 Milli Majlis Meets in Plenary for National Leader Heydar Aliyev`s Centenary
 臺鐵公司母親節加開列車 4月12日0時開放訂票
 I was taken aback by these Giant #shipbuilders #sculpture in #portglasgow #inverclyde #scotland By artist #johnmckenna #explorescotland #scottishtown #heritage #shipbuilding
====================
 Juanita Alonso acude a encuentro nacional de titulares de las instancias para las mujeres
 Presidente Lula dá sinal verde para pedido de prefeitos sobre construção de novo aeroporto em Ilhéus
====================
> EXERCISE
Whatever else the listing above holds, retype exactly only the lines from the one containing "Milli Majlis Meets" to the one containing "I was taken", both ends kept.

> RESPONSE
 Milli Majlis Meets in Plenary for National Leader Heydar Aliyev`s Centenary
 臺鐵公司母親節加開列車 4月12日0時開放訂票
 I was taken aback by these Giant #shipbuilders #sculpture in #portglasgow #inverclyde #scotland By artist #johnmckenna #explorescotland #scottishtown #heritage #shipbuilding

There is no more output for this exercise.